WHAT IS EXPECTED -
Copy word for word the lines in the records below, starting at the line with "上京したばかりのGカップ21歳純粋嬢を都合の良い女にしてみた2 SEX エロ無料画像" and ending at the line with "Elegir-la-mejor-carrera-6-recomendaciones". Skip the pictures.

RECORDS SHOWN -
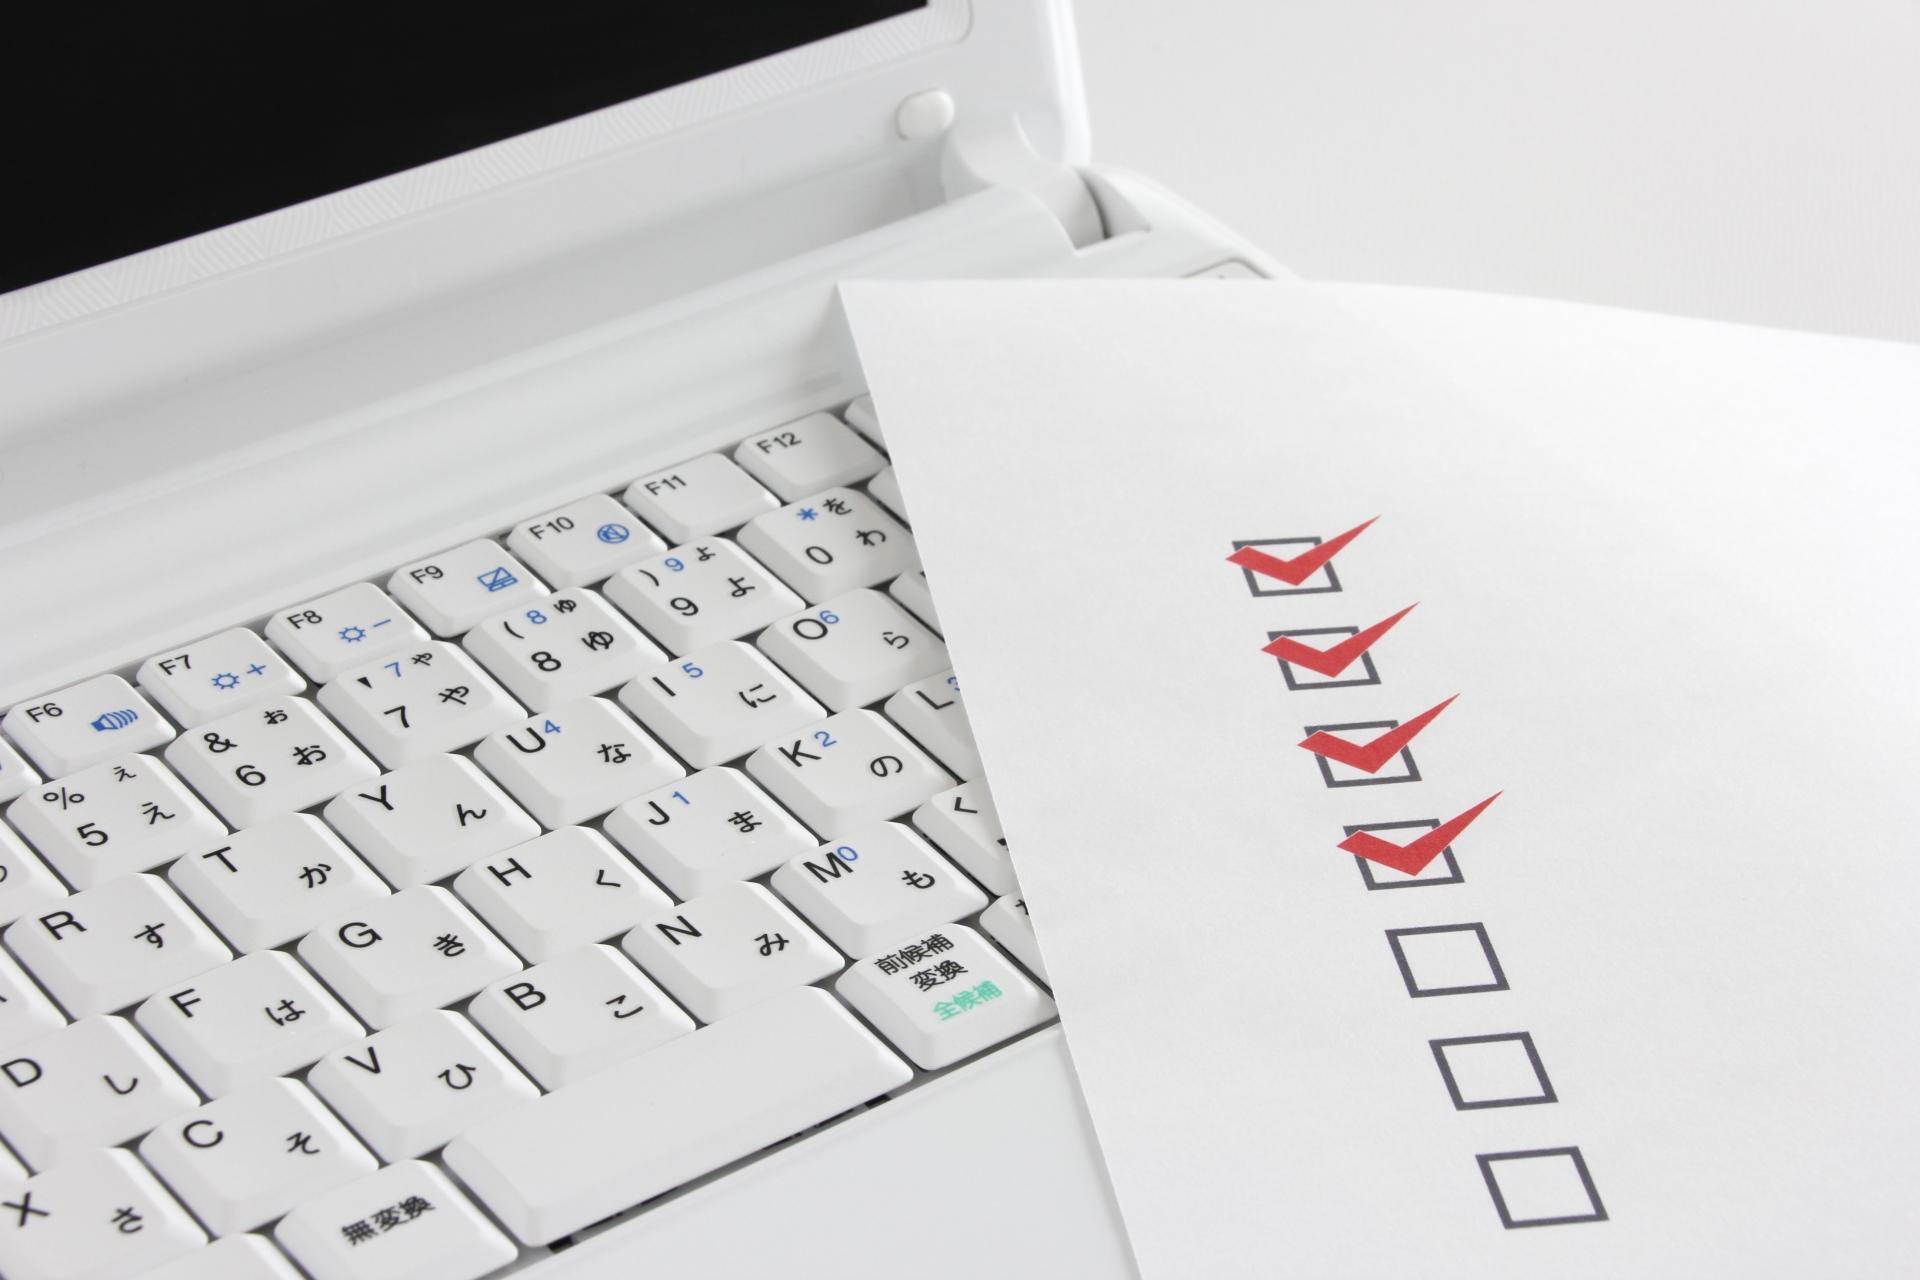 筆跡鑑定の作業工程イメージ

--

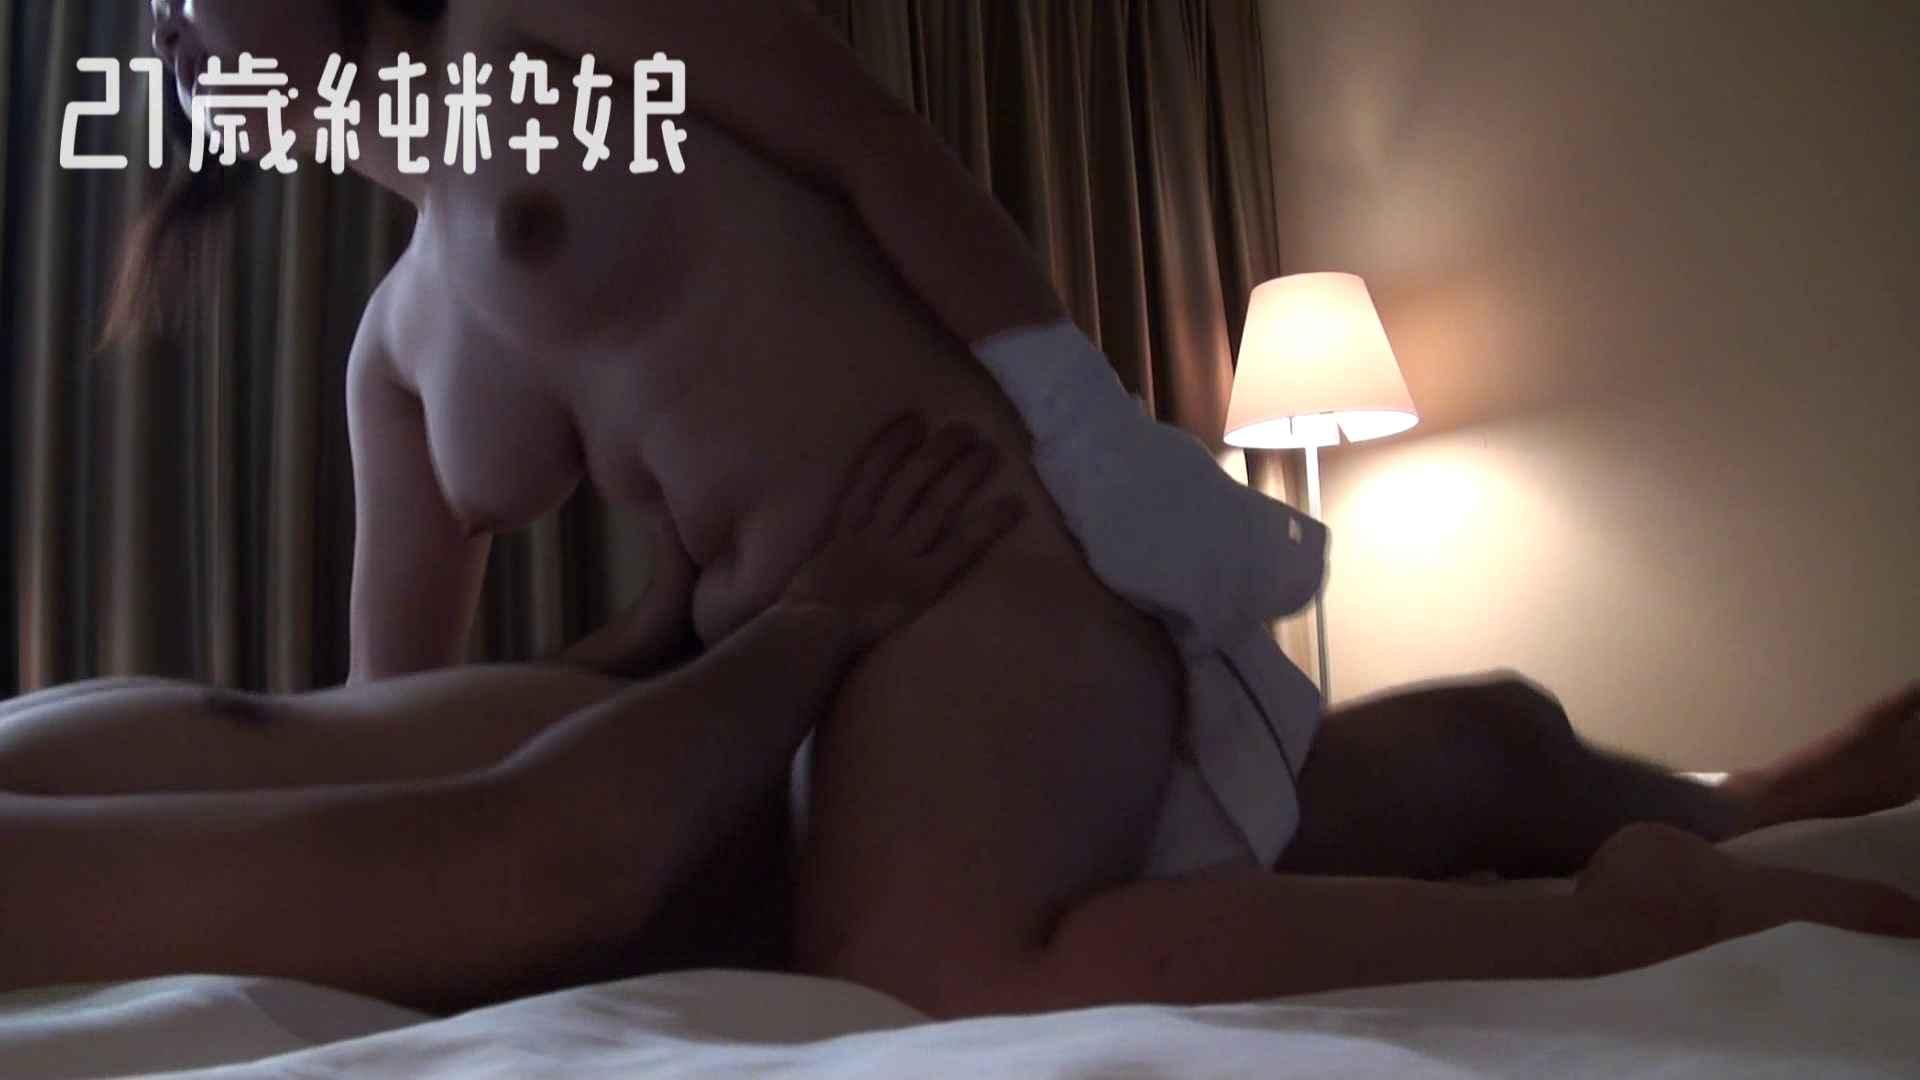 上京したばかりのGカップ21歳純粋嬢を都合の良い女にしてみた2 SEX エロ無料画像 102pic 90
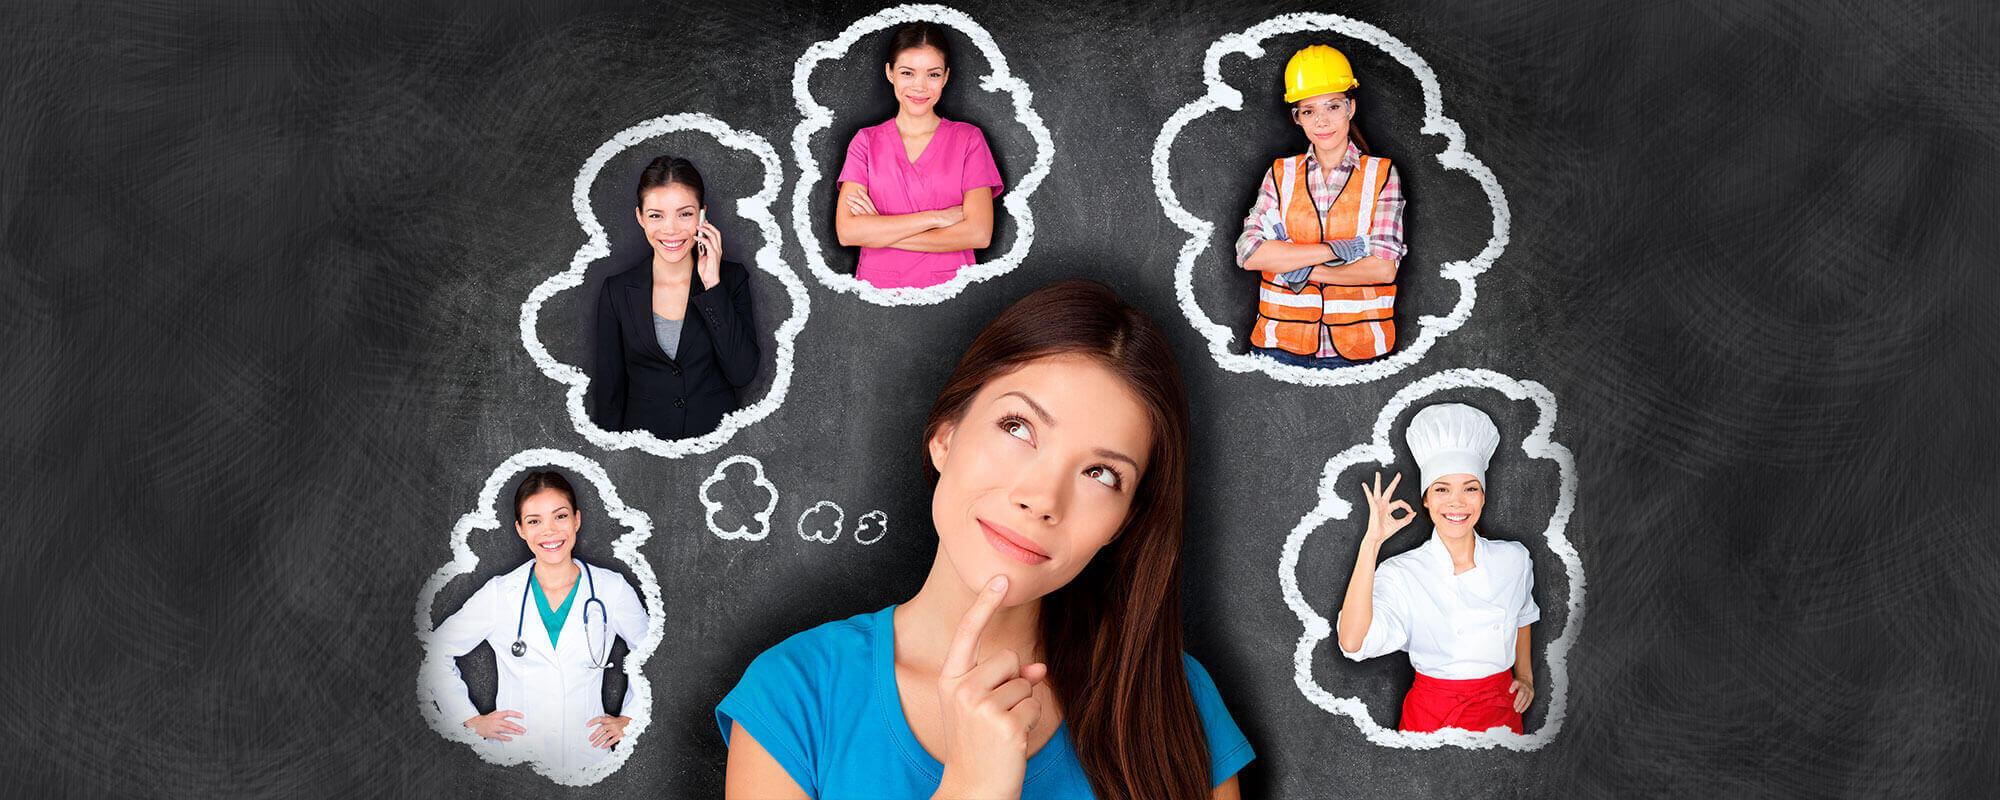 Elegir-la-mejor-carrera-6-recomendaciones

...

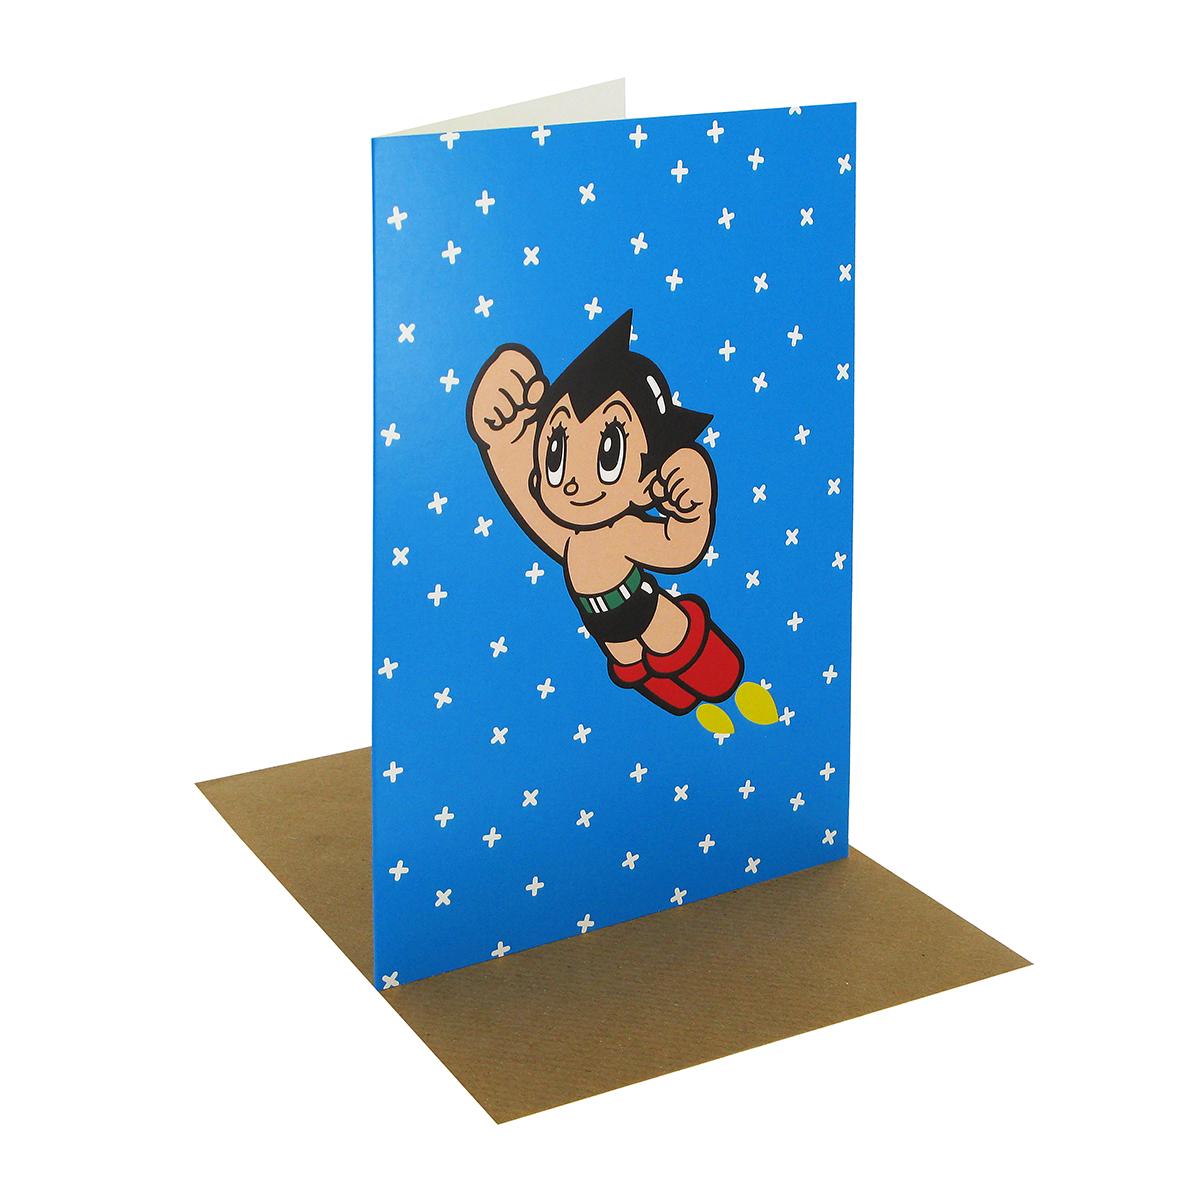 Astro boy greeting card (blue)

RESULT OF THE EXERCISE -
 上京したばかりのGカップ21歳純粋嬢を都合の良い女にしてみた2 SEX エロ無料画像 102pic 90
 Elegir-la-mejor-carrera-6-recomendaciones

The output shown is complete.